The observed decrease in resistivity with increasing temperature for the amorphous phase can be accounted for as follows: Heating of amorphous Al–TM–REM alloys is known to cause phase separation well below the crystallization temperature. The effect was discovered by Gangopadhyay et al. [17] and was later confirmed many times for a variety of alloys (see, for example, Radiguet et al. [18] and Abrosimova et al. [19]). The formation of low-resistivity microregions consisting of essentially pure aluminum, whose size considerably exceeds interatomic distances, in a disordered amorphous matrix leads to a reduction in the total resistivity of the alloy. The larger the volume fraction of such microregions, the lower the resistivity of the material. When the crystallization of the ribbon reaches completion, its resistivity passes through a minimum and then begins to rise with increasing temperature, which is characteristic of crystalline alloys. This issue was addressed in detail previously [8].

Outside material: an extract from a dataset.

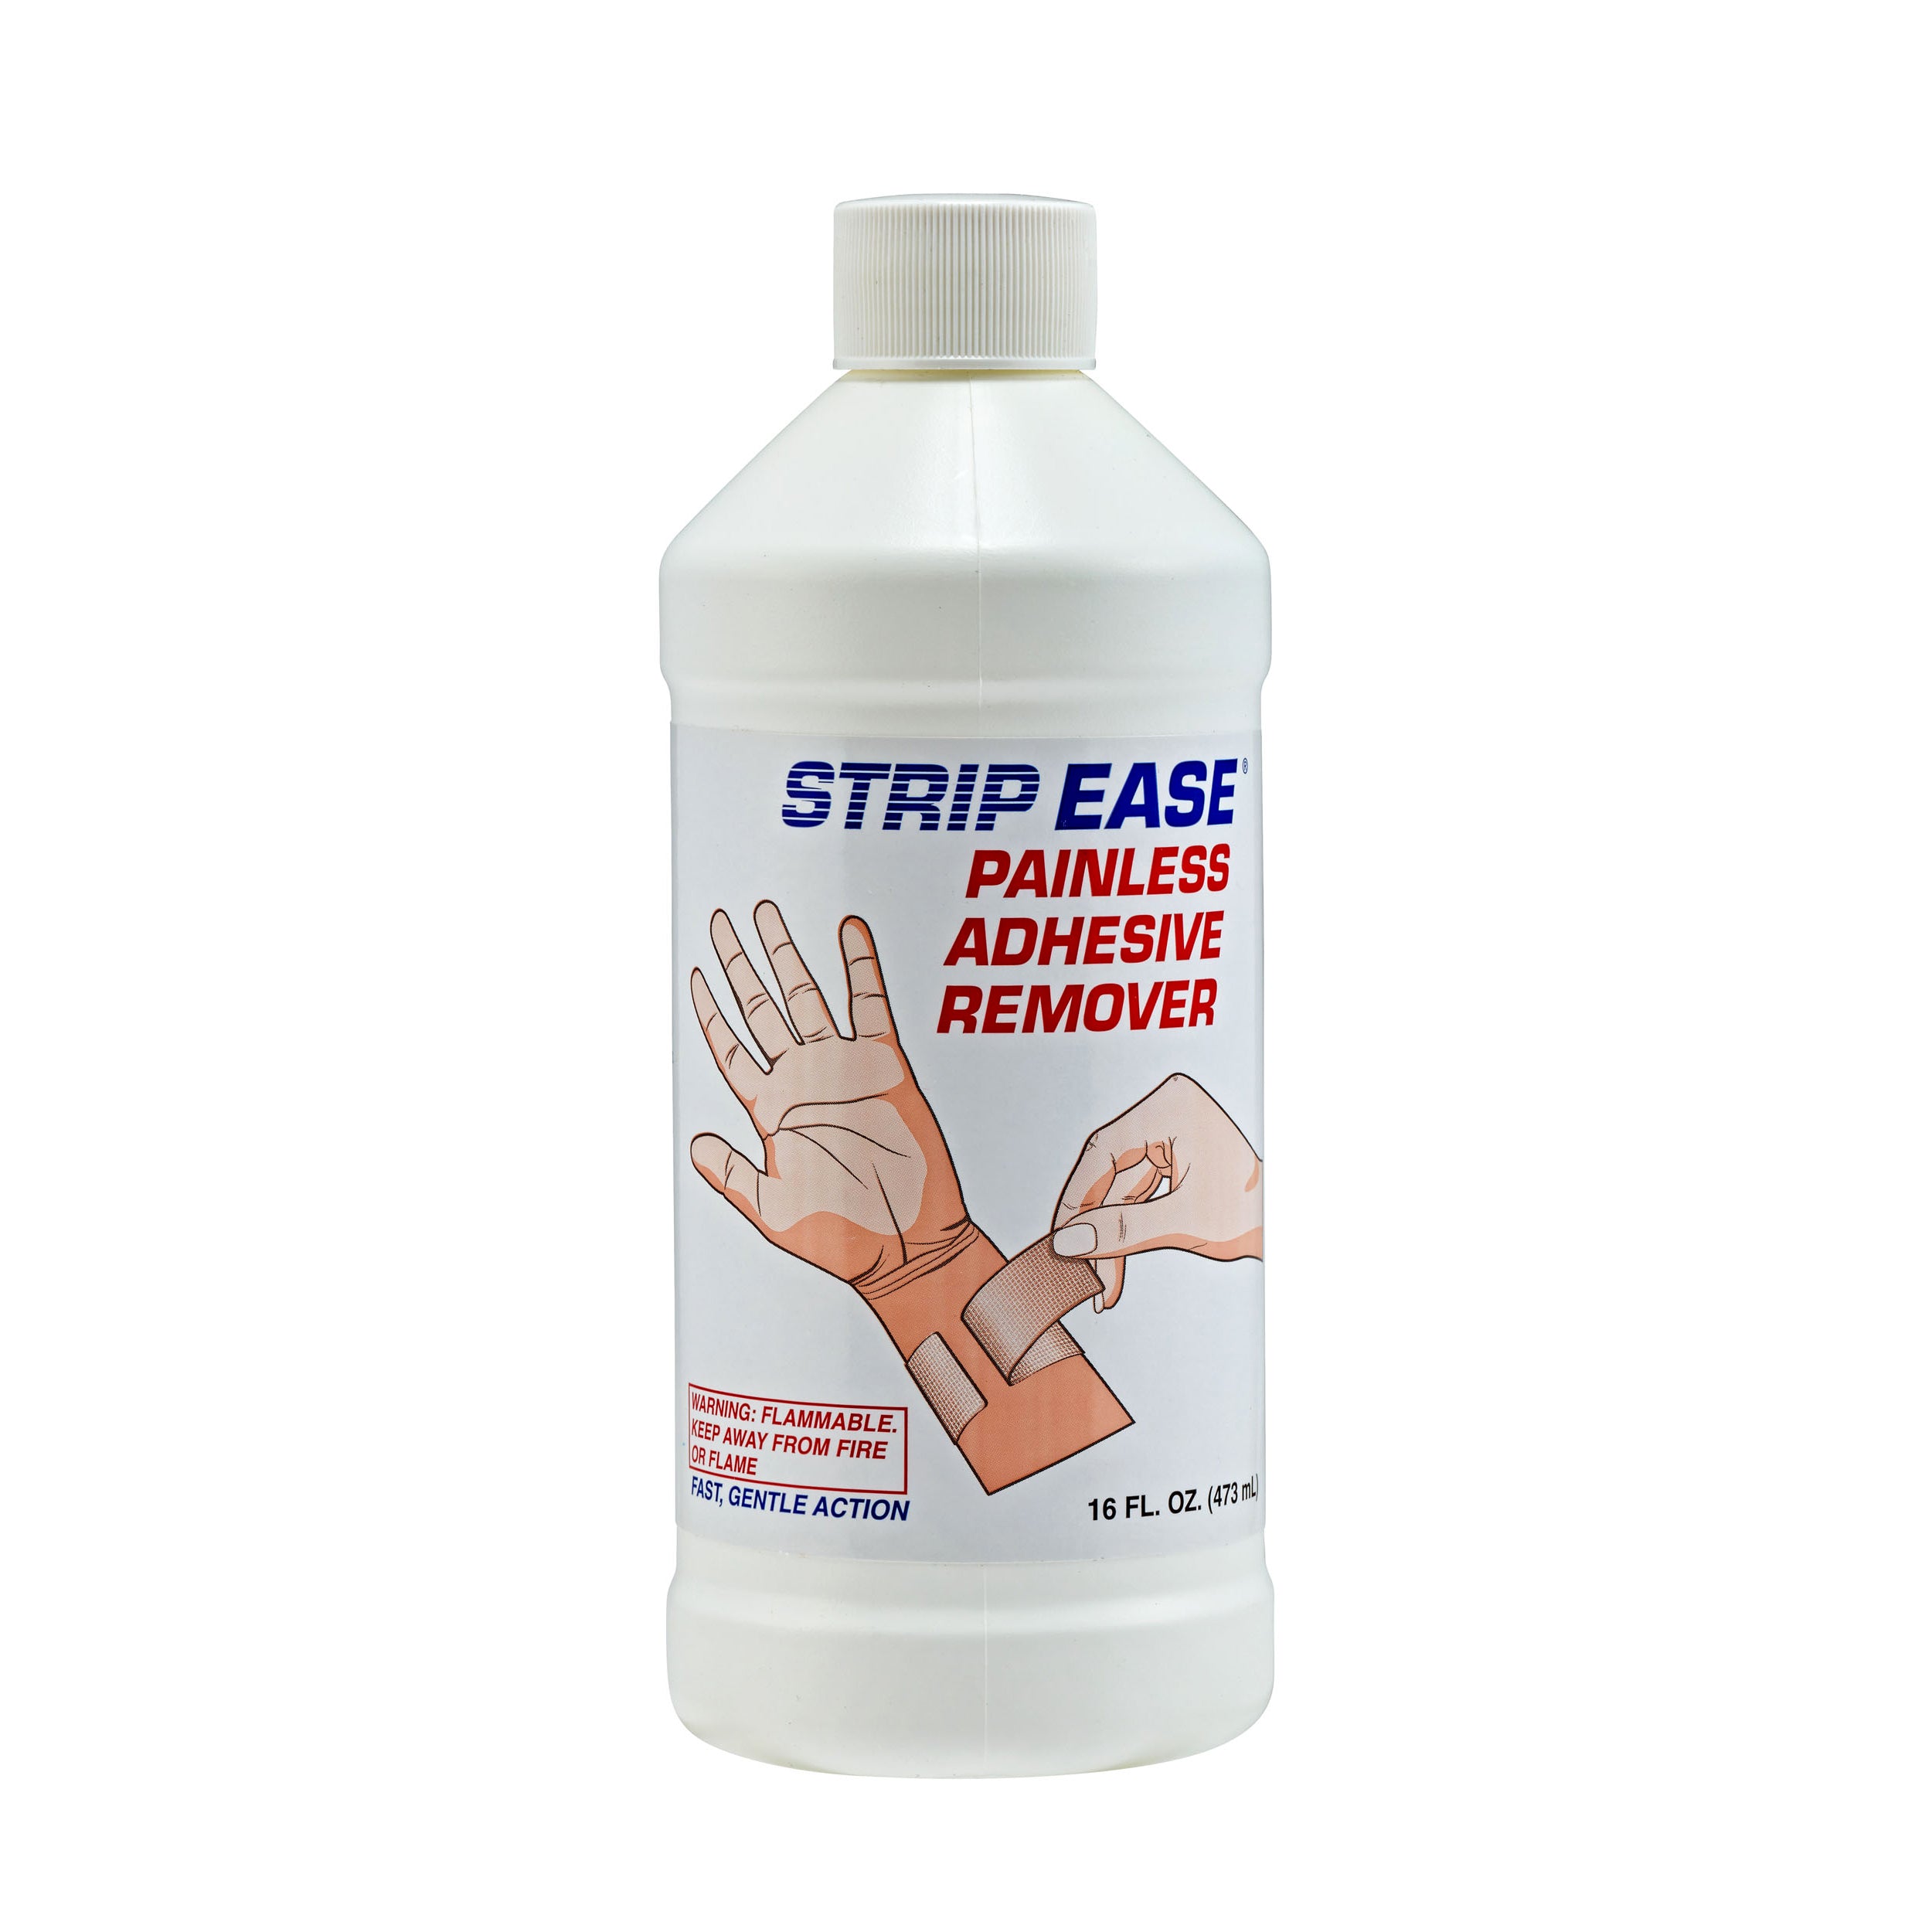 Strip Ease Adhesive Remover

Thus, the present resistivity data confirm that the neodymium-containing amorphous alloys are more thermally stable than the samarium-containing alloys and that the 4% Ni + 4% Co combination is more preferable than the 6% Ni + 2% Co combination for amorphous phase stabilization.

CONCLUSIONS

The present DSC and resistivity data demonstrate that the amorphous Al–Ni–Co–Nd(Sm) alloys have a broader temperature range of an amorphous state (by 100 K) than do Ni- or Co-containing ternary alloys and exhibit more complex crystallization behavior. Neodymium is more preferable than samarium for improving the glass-forming ability of these alloys, and the 4% Ni + 4% Co combination is better than 6% Ni + 2% Co.